Alina Chan Profile picture
10 Nov, 12 tweets, 5 min read
Tough questions about the #pangolinpapers and the peer review process in this investigative article by the @USRightToKnow

At least half a dozen people on twitter bombarded me with this article today for good reason...
It relates to the curiosity of all of these #pangolinpapers being released on Feb 18-20, driving a mania that SARS2 came from pangolins; all 4 papers used the same 2019 dataset; there is a web of co-authorship (scroll to end of the thread cited here):

I'm saving a 🔥🐉 thread on the issues in these papers for when their corrections are issued. But key questions raised by @USRightToKnow (I'm paraphrasing):

1. Did these authors know about each other preprinting in the same 3 days (3 groups on Feb 20, 1 group on Feb 18)?
2. Why is it so damn difficult to get their data (and their story) straight?
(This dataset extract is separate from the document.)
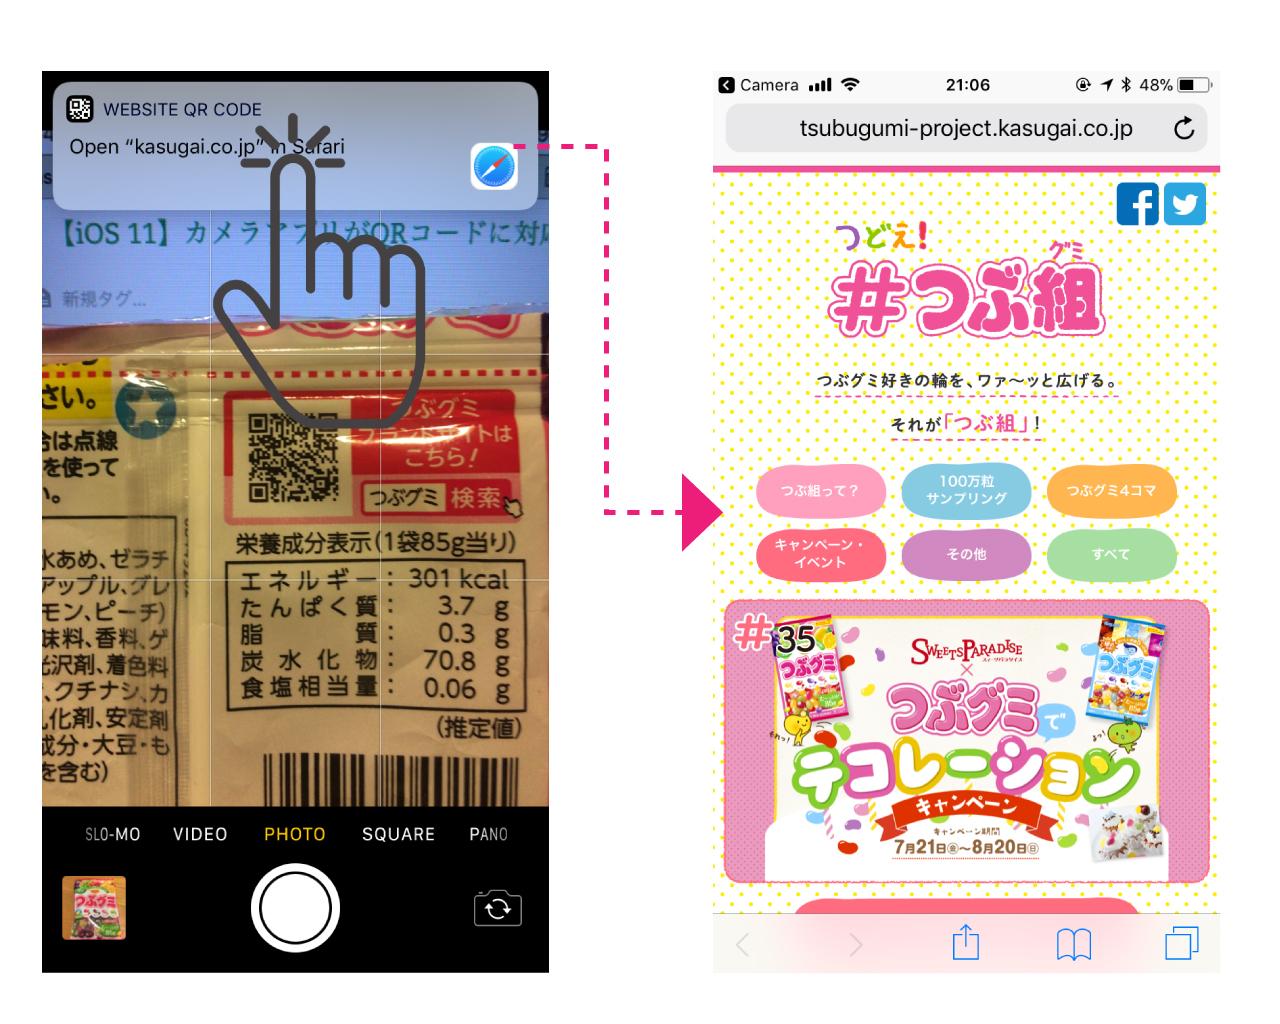 iphone-ipad-ios11-qr-code-camera-loading-3

Is it permissible to be deliberating withholding published data, publishing renamed samples from other works sans attribution, not issuing corrections months after realizing these errors?
3. At this point, can anyone verify that these data actually came from pangolins? Are there samples/viruses that can be shared?

Can a truly independent investigation look into where these samples came from, the smugglers, co-smuggled animals to corroborate the story?
@WHO or any independent investigation team, I would start here. This has an email trail (from January if you count the RaTG13 @Nature paper) that exists outside of China. Spread across at least 3 reputable scientific journals and numerous peer reviewers from US/UK.
"The silence of the journals regarding their ongoing investigations means that wider communities of scientists, policymakers and the public impacted by COVID-19 are unaware of the problems associated with the research papers, said Dr. Suryanarayanan."

usrtk.org/biohazards/cor…
To journal editors & peer reviewers: it's not your fault that you didn't spot these problems. You were probably not reading all 4 pangolin papers at once and comparing their raw data (peer reviewers are not paid!).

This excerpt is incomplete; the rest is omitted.